Congressional sources say it doesn't take long before they figure out which industry, environmental organization, or scientific group is giving them good information and which isn't. "Eventually you identify some reliable groups that have something to say," Synar says, "so you use them as the leader of their sides in providing information for you."
McElroy says that the best lobbyists are those who can go to Capitol Hill and present both sides of an argument. "It's wise to acknowledge when the other side presents information that has some merit to it. If you do, congressmen will come to trust you, listen to you, and seek your advice."
Honesty does pay when it comes to playing the lobbying game. "Lie to a congressman or don't give him all the information, and you won't get a second chance," says Synar. "This is a drop-dead town. It's either the truth or nothing at all."
That is where the third group of lobbyists, the scientific community, plays an important role. "We need a voice in Washington," says Kathleen Rheam, head of the department of goverment relations and science policy for the ACS. "It's foolhardy not to be involved in politics. Don't represent yourself and someone else will."
Spokespersons for the scientific community, who work with industry, seem comfortable with the lobbying label, but Synar likes to describe the community as a kind of "truth squad" and "the one we go to for information when we are trying to find out which lobbyists are telling the truth."
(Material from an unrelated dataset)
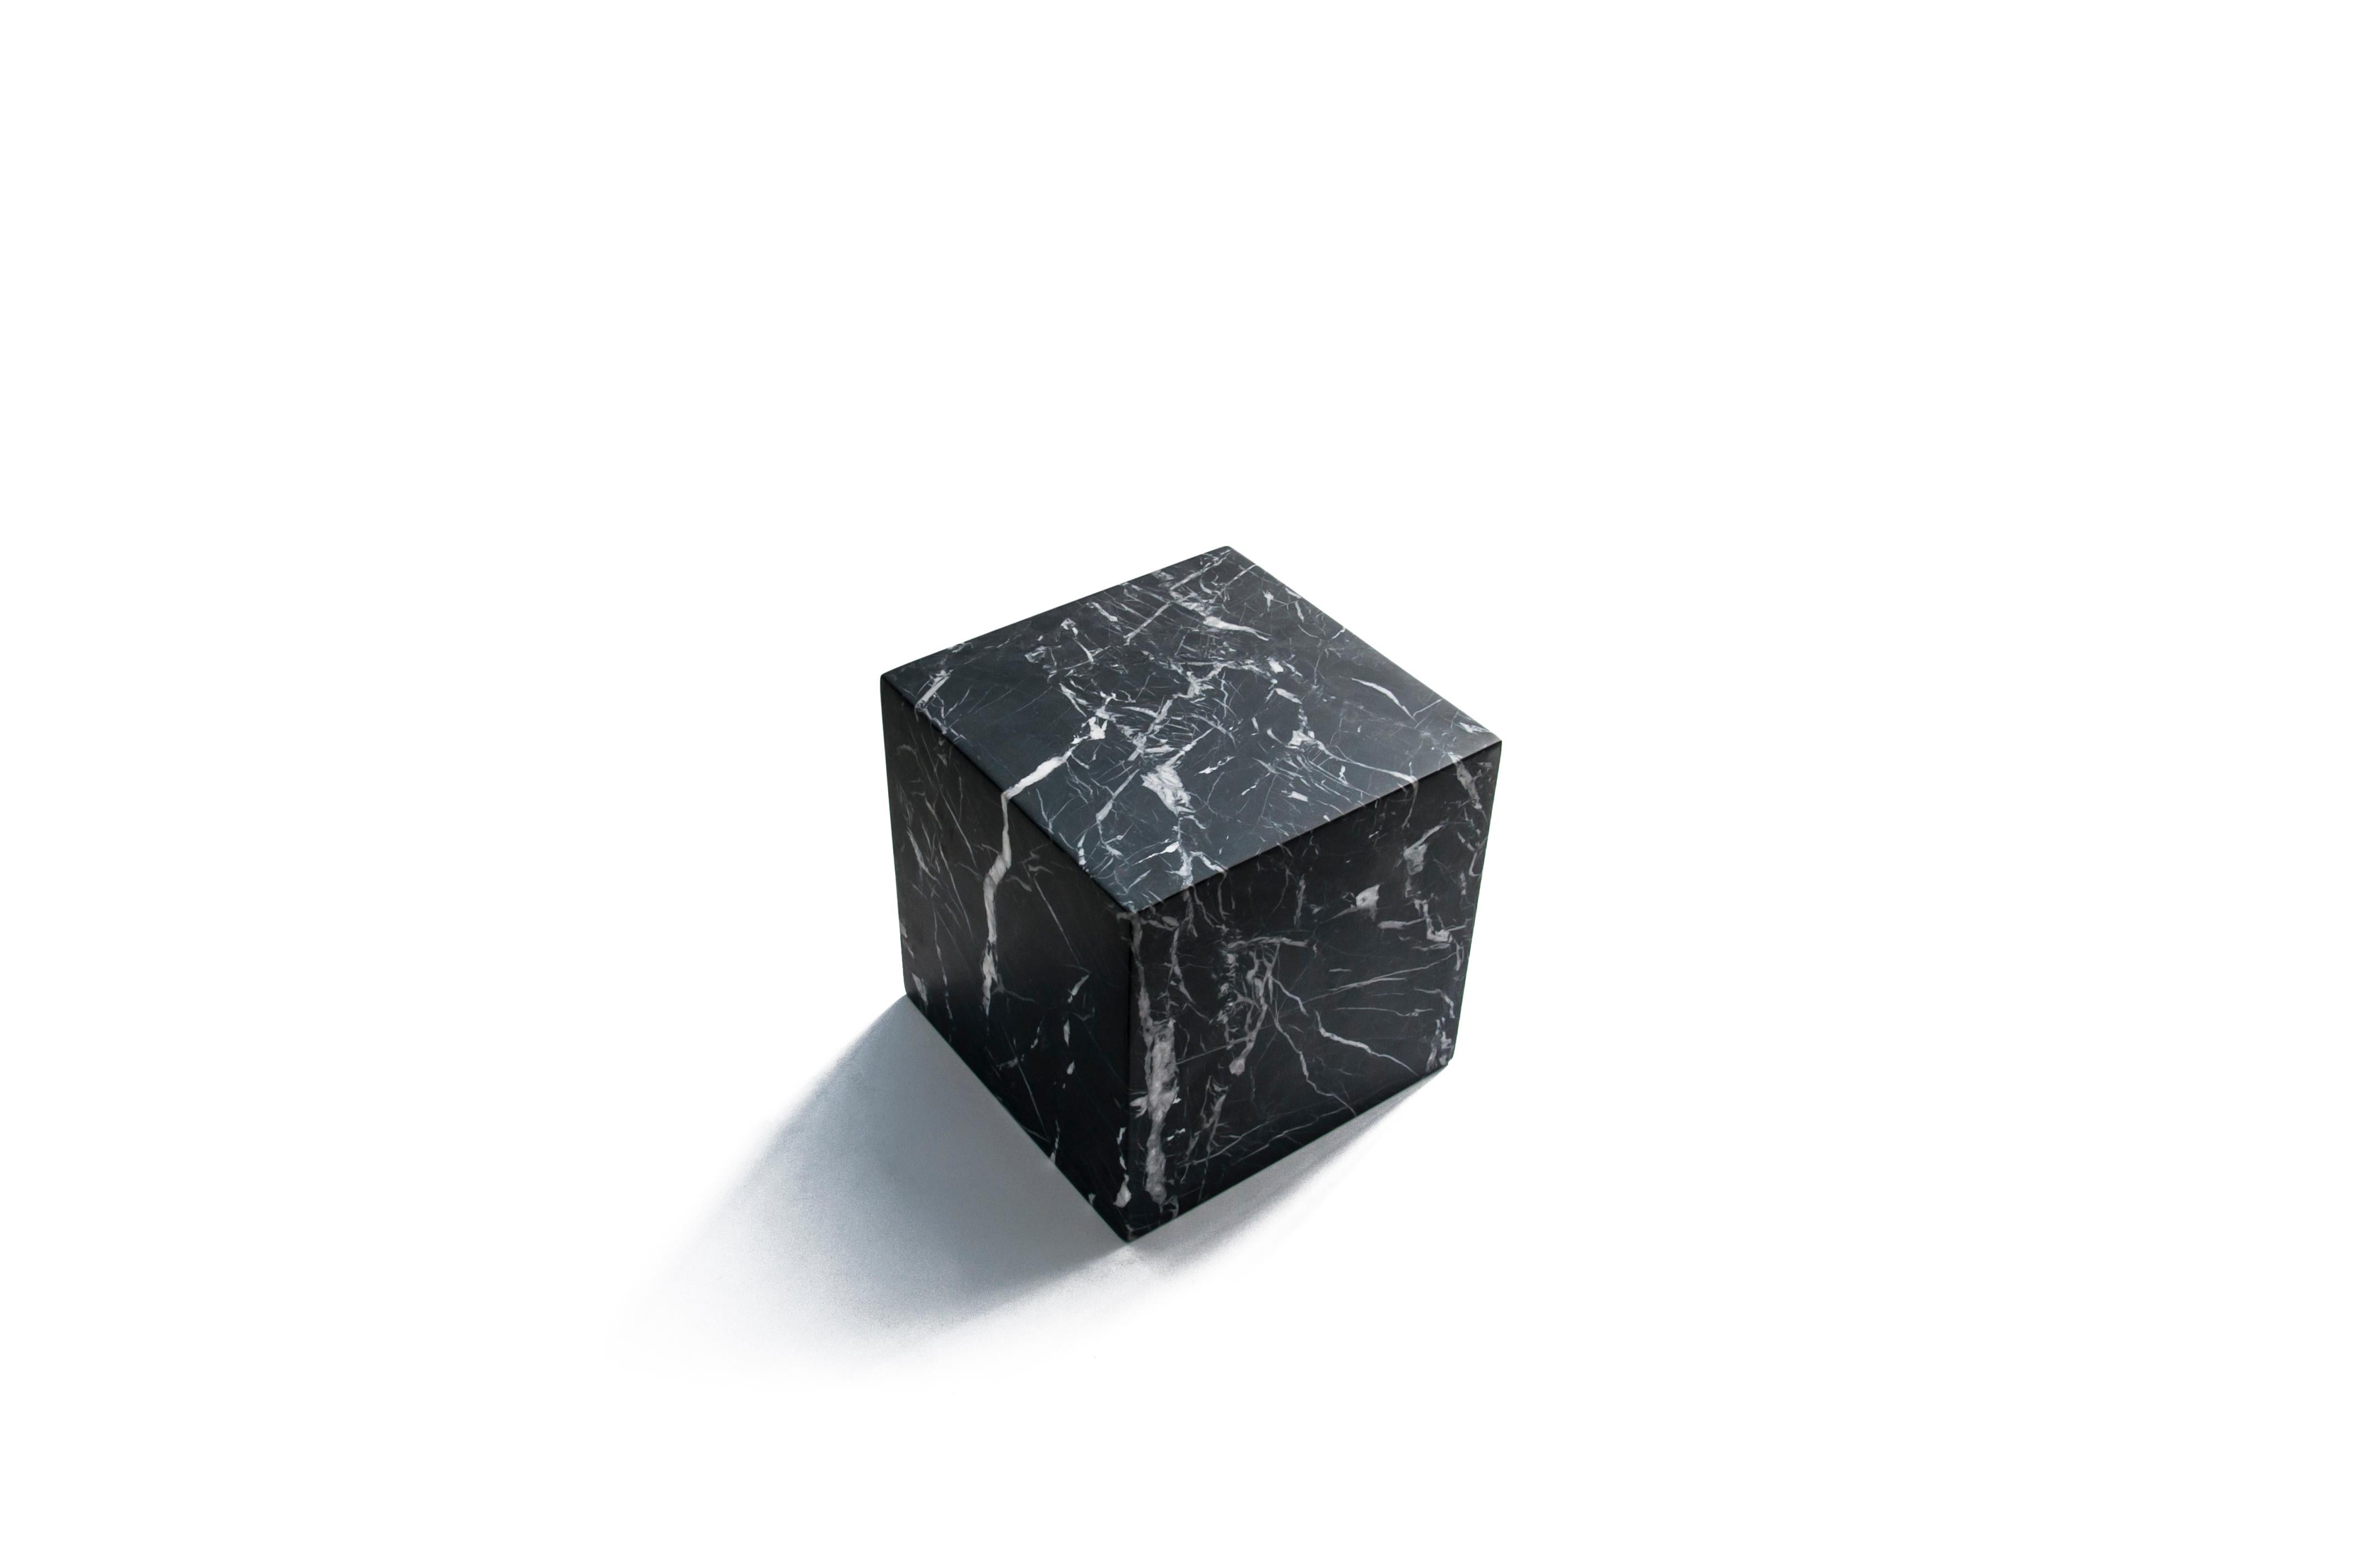 Grand cube décoratif presse-papiers plein en marbre noir Marquina. Chaque pièce est en quelque sorte unique (chaque bloc de marbre est différent par ses veines et ses nuances) et fabriquée à la main par des artisans italiens spécialisés depuis des

Independent scientific groups not allied with industry, such as the National Research Council (NRC) and the American Association for the Advancement of Science (AAAS), say the label of "truth squad" is flattering, but they don't see themselves as lobbyists.
"When the government asks advice, we use science to give it to them," says Susan Turner Lowe, a spokesperson for the NRC. Founded in 1916 as an administrative arm of the National Academy of Sciences, the NRC's purpose is to facilitate the day-to-day operation of scientific reports. It has more than 1670 member scientists from different scientific fields.
Ellen Cooper, a spokesperson for the AAAS, says her group views the congressional lobbying game much the same way the NRC does. "We don't have a legislative agenda," Cooper explains, "We more or less facilitate the exchange of information and prepare reports, if asked." The august AAAS has 140,000 individual members worldwide.
The scientific community doesn't have the financial resources or the PACs of either industry or the environmental community, and they don't spend much time on Capitol Hill arguing their case. Instead, they mostly research and write scientific papers and send them to Congress.
Lobbyists, no doubt, have a significant impact on the legislative process, whether they come from industry, the environmental community, or science. But many say the way we do lobbying needs fixing. They call for campaign finance reform, stricter disclosure laws so the public knows where the money is coming from, and employment restrictions for government officals and employees. Despite the imperfections, there seems to be a consensus that lobbyists have a legitimate role to play in the environmental policy-making that takes place on Capitol Hill. "Lobbying is not necessarily a bad thing," says Lang. "It's the traditional American way that we let Congress know our point of view."
Ron Chepesiuk
Ron Chepesiuk is a freelance writer in Rock Hill, South Carolina.